The last straw came when he published an article saying that a real life friend of mine told him that I was... something like none of my real life friends even like me.

*ROLL EYES*

IS THAT IRRITATING OR WHAT!?

As if any of my real-life friends will make friends with vermin like him! Seriously, he needs to wake up and smell the real shit: WE ARE OF A DIFFERENT CLASS. My friends will never make friends with someone like YOU!

All my good friends range from knowing me 10-3 years, and you would think that people who dislike me will not stick around for so long.

Countless times, I had my looks insulted, my photos defaced, and my reputation defamed, all to just earn him a few adsense dollars.

The retard even concluded he is good enough to be impersonated! Isn't that funny? If a can of abalone claims to be some barnacles one day, that is called SPOOFING.

NOT impersonation, simply because you are not good enough, geddit? YOU ARE JUST THE ACCESSORY, WITHOUT WHICH THE POTAGONIST YOU WON'T EVEN EXIST.

FUCK HIM.

I hated him so much, one day I decided I had enough, and approached lawyers.

My friend introduced me to a lawyer who agreed on taking on the case.

Somehow, XLX must have caught wind of the impending case, because he stopped writing about me.

Instead, he terrorized other bloggers, including Dawn (first posting her pre-op photos then saying how she is sweet etc unlike me *roll eyes*), Wee Shu Min (whoever she is), Tammy and various other random people.

FUCK HIM.

Starhub took a long time to get back with the identity behind the ip address, and I thought, since XLX stopped blogging about me, I shall let it go.


Just two days ago, he resurfaced again, linking to some useless forum person who dug out my mistake of a Maxim photoshoot 2 years ago, and claiming I posed for it with my new plastic nose.

How grossly wrong can his information get?

(Also, seriously, the nose job insults are just sooooo lame, it's like throwing styrofoam daggers at me).

And once again, he has the guts to insinuate disgust at my looks.

Let's face it, he is probably an ugly loser and will jump at the chance to have sex with someone half my celibre.

Digressing, why are some ugly people so unabashed?

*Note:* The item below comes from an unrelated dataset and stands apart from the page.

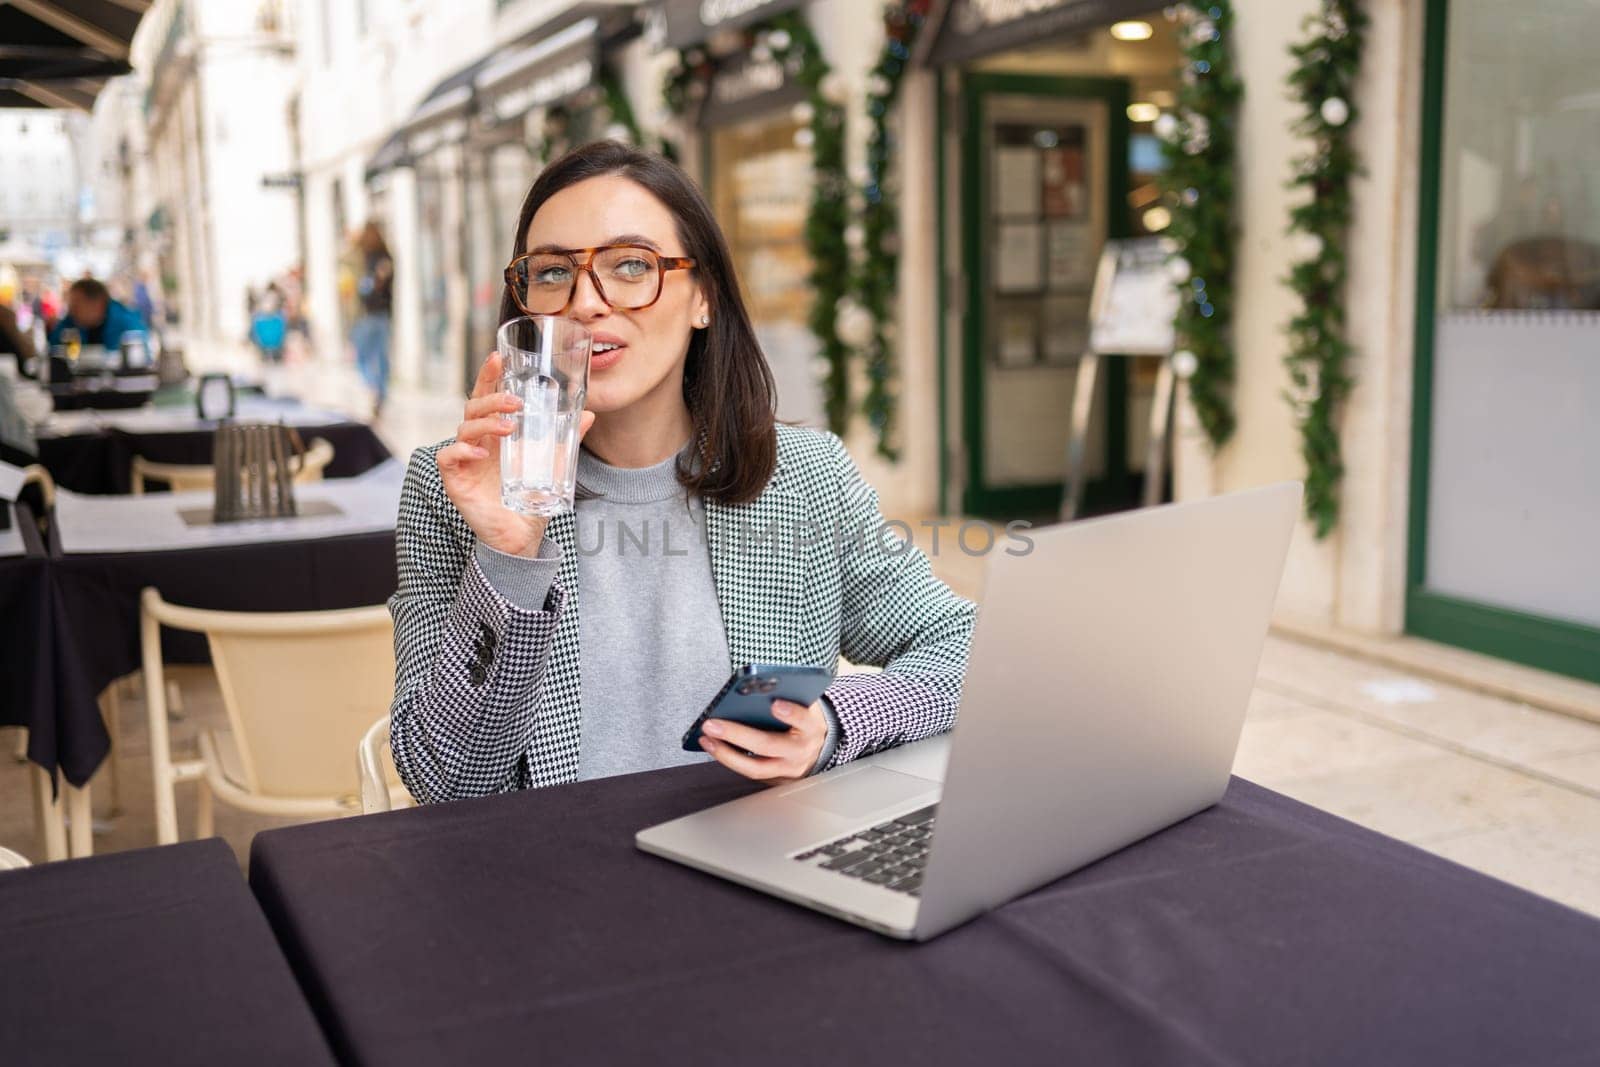 Portrait of attractive delighted charming smiling woman freelancer or student wearing glasses, working in cafe on laptop, holding mobile phone in hands, drinking water from glass.

HOW can you keep going on about how some other people are ugly when it only draws attention to how you look like a buttplug?

So anyway, I wrote an email to him:

Hey there,

I don't know what tricks you are up to again, but I think I should inform you that I am one step away from suing you. My lawyers actually have gathered everything needed, and I've already paid starhub $500 to get your ip address to reveal who you are.

My lawyers have all your archives saved, and as you know, it is unarguable that you have defamed me countless of times (especially with regards to you putting up the pictures of me from edmw forum some time ago). It doesn't matter that you took down your entries: Point is that they were all once there.

And I don't even know you personally - I don't deserve all the trauma you have caused me.

I did not go ahead with the law suit because you stopped blogging about me for some time, and I decided to live and let live.

All I need is $2,000 to go ahead with it (for court charges).

Should I go ahead with it? You decide. Either shut down your blog completely, or get sued.

The damages won't be little, and I'm sure I'll have the support of many other girls whom you have made it your business to defame.


Yours sincerely,
Wendy


And thus he shut down his site.

Good riddence, Mr Nobody. You would have been a nobody without me, so let's have you return to that insignificant position. I'm sure the rest of the girls and I will miss your sorry ass.(*insert Borat "NOT!")

I guess that the question I'd have to ask God when I die (presuming we get to ask a question, which I think is only fair) is who he is. I'd then seduce the weather guy and make him throw a lightning bolt at xlx's face, splintering it into a million burnt pieces. Ahhh... that feels good. What do you mean what about his mother? Too bad la, as if my mother wasn't sad when he kept defaming me!

I wonder if after I die I will be able to keep my new nose, or go back to the old one? It will be so sad to suddenly have a big nose again.

(What do you mean how do I know he is a guy? I just know! Girls don't blog like that.)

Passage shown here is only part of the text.